EXTRACTED MATERIAL below:

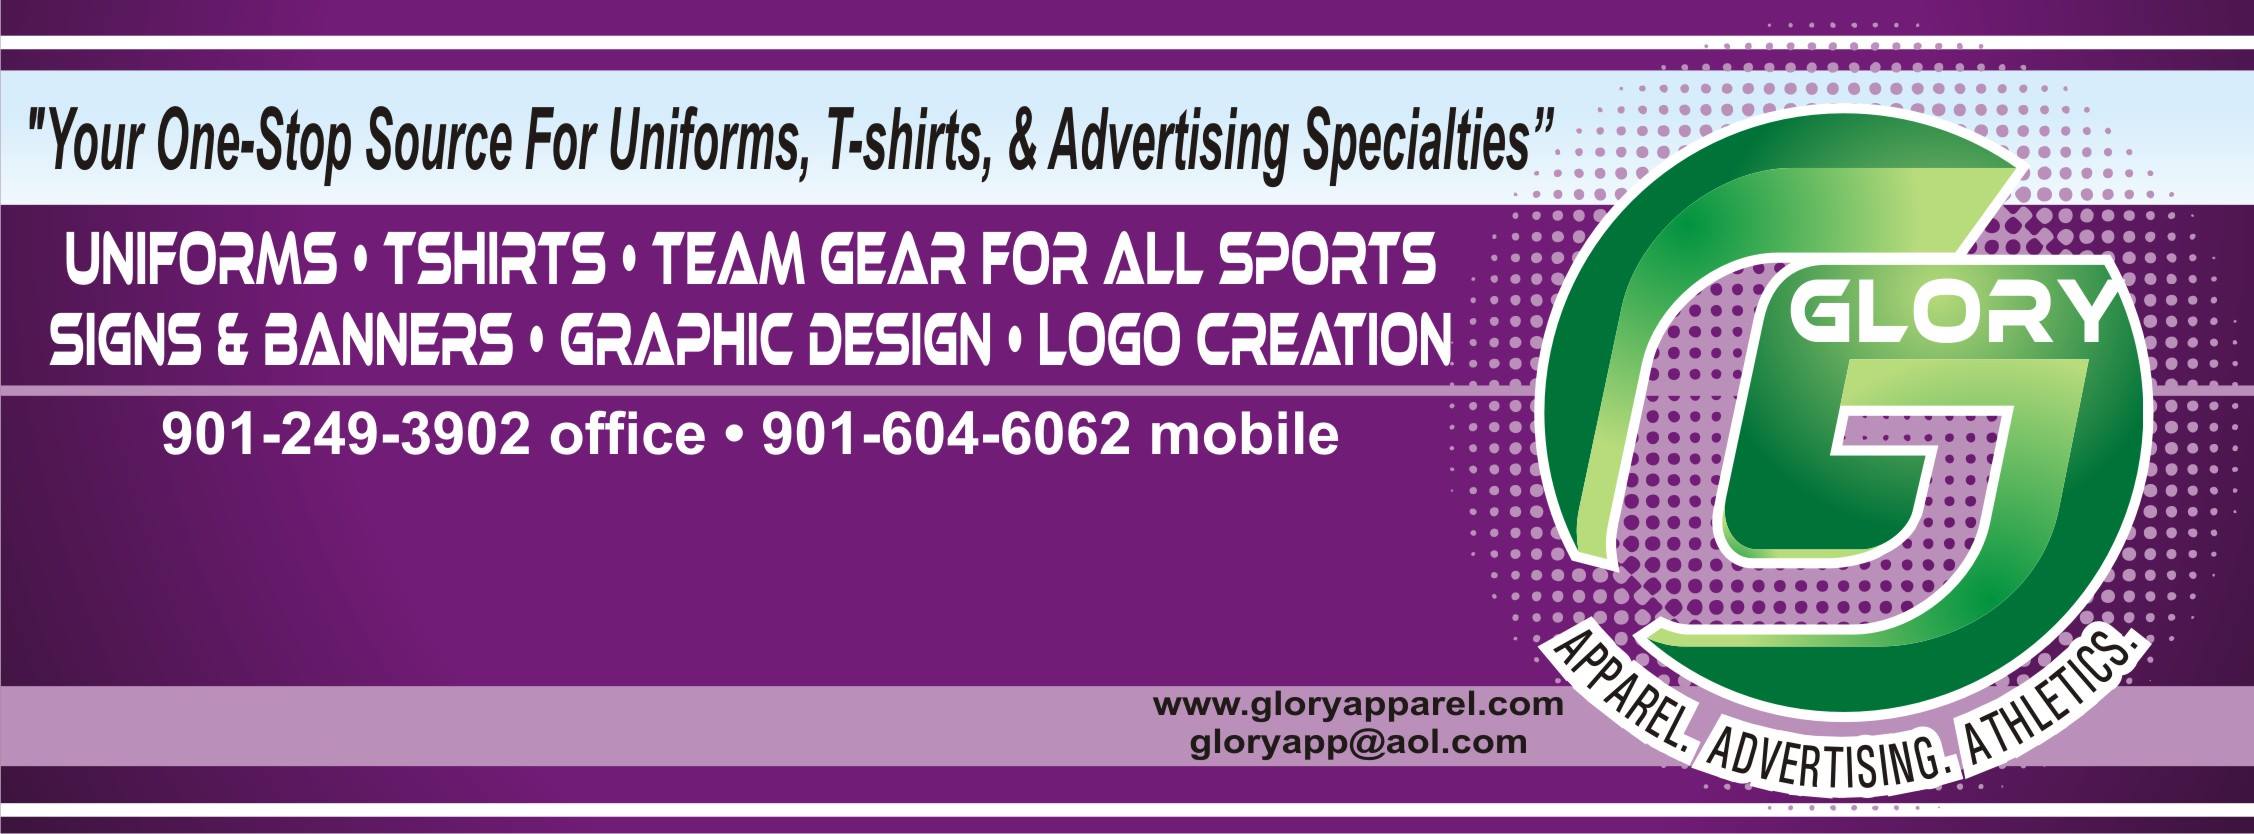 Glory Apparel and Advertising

End of EXTRACTED MATERIAL.
EXTRACTED MATERIAL below:

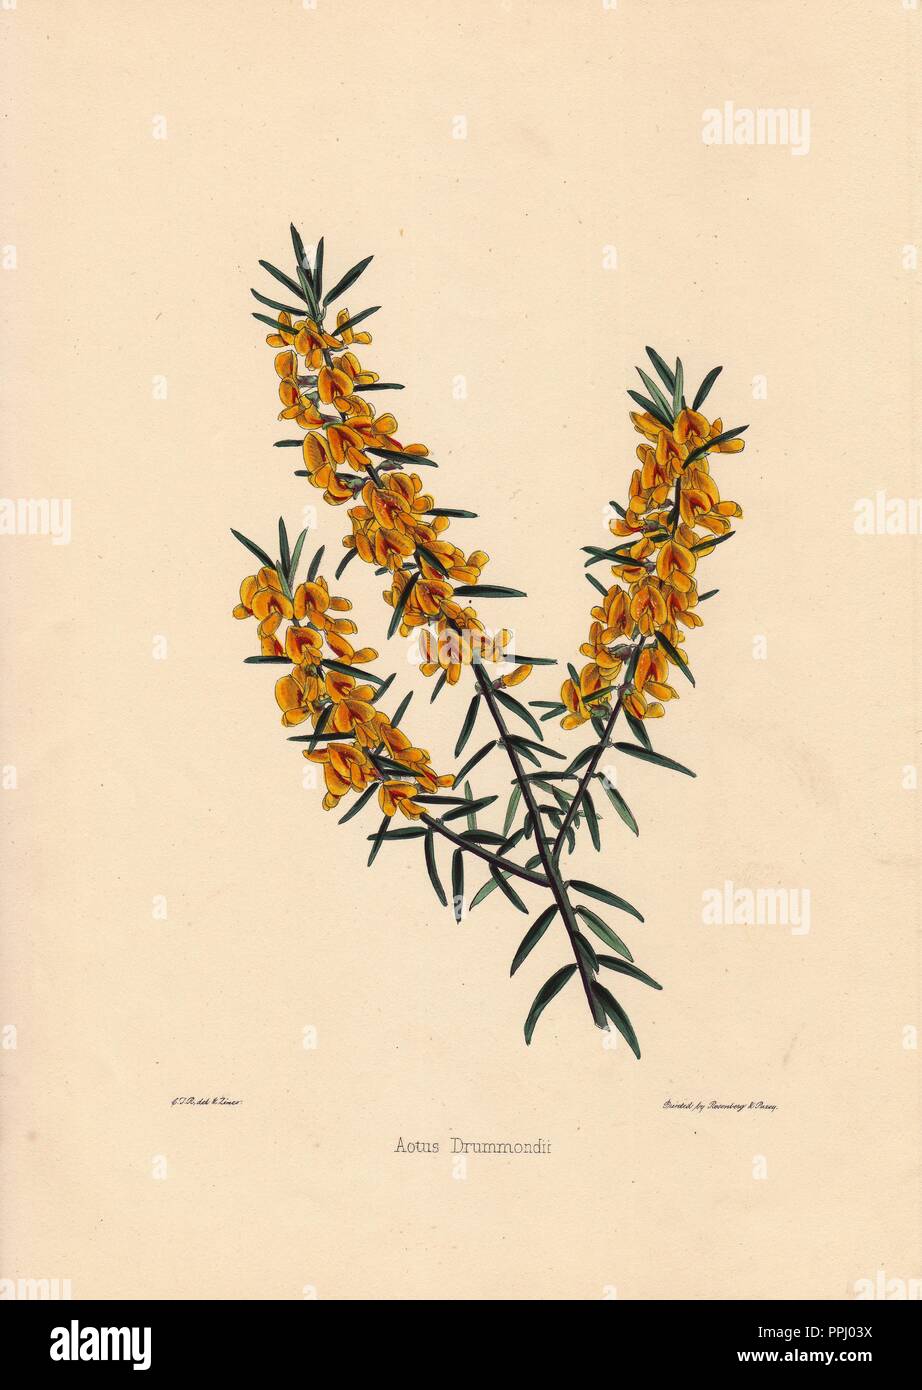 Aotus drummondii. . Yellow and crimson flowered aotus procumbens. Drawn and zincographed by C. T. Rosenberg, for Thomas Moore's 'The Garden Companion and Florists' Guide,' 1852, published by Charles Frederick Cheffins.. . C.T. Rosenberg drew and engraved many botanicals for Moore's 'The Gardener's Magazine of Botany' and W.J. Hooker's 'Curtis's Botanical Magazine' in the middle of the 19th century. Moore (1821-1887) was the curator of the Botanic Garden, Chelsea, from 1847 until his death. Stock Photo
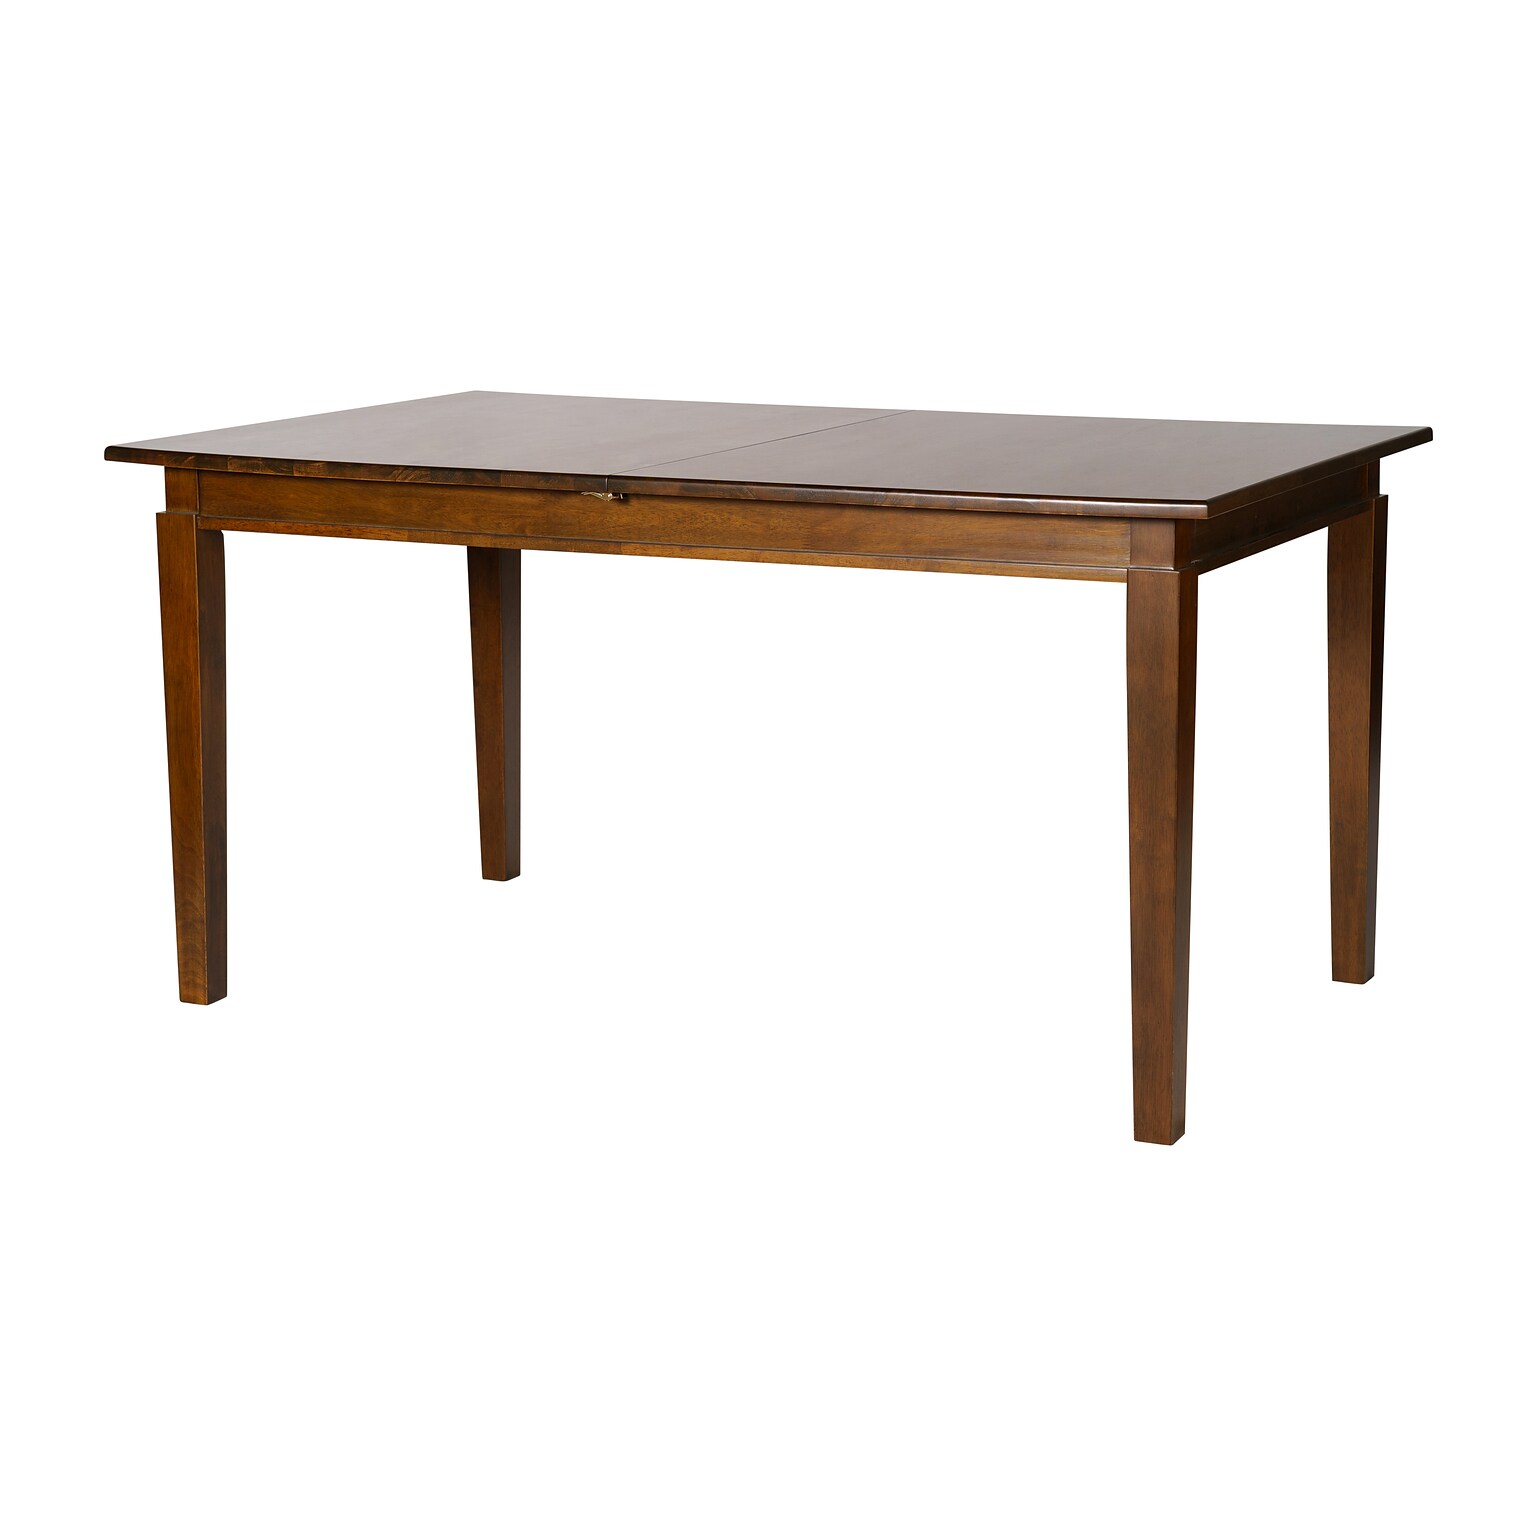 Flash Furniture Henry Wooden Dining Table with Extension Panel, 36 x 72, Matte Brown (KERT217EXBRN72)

End of EXTRACTED MATERIAL.

◆ GOAL OF THE EXERCISE: Look through the listing above for the line with "Aotus drummondii. ." and the line with "Flash Furniture Henry Wooden". Write out exactly those lines and everything between, leaving out pictures.

◆ THE ANSWER:
 Aotus drummondii. . Yellow and crimson flowered aotus procumbens. Drawn and zincographed by C. T. Rosenberg, for Thomas Moore's 'The Garden Companion and Florists' Guide,' 1852, published by Charles Frederick Cheffins.. . C.T. Rosenberg drew and engraved many botanicals for Moore's 'The Gardener's Magazine of Botany' and W.J. Hooker's 'Curtis's Botanical Magazine' in the middle of the 19th century. Moore (1821-1887) was the curator of the Botanic Garden, Chelsea, from 1847 until his death. Stock Photo
 Flash Furniture Henry Wooden Dining Table with Extension Panel, 36 x 72, Matte Brown (KERT217EXBRN72)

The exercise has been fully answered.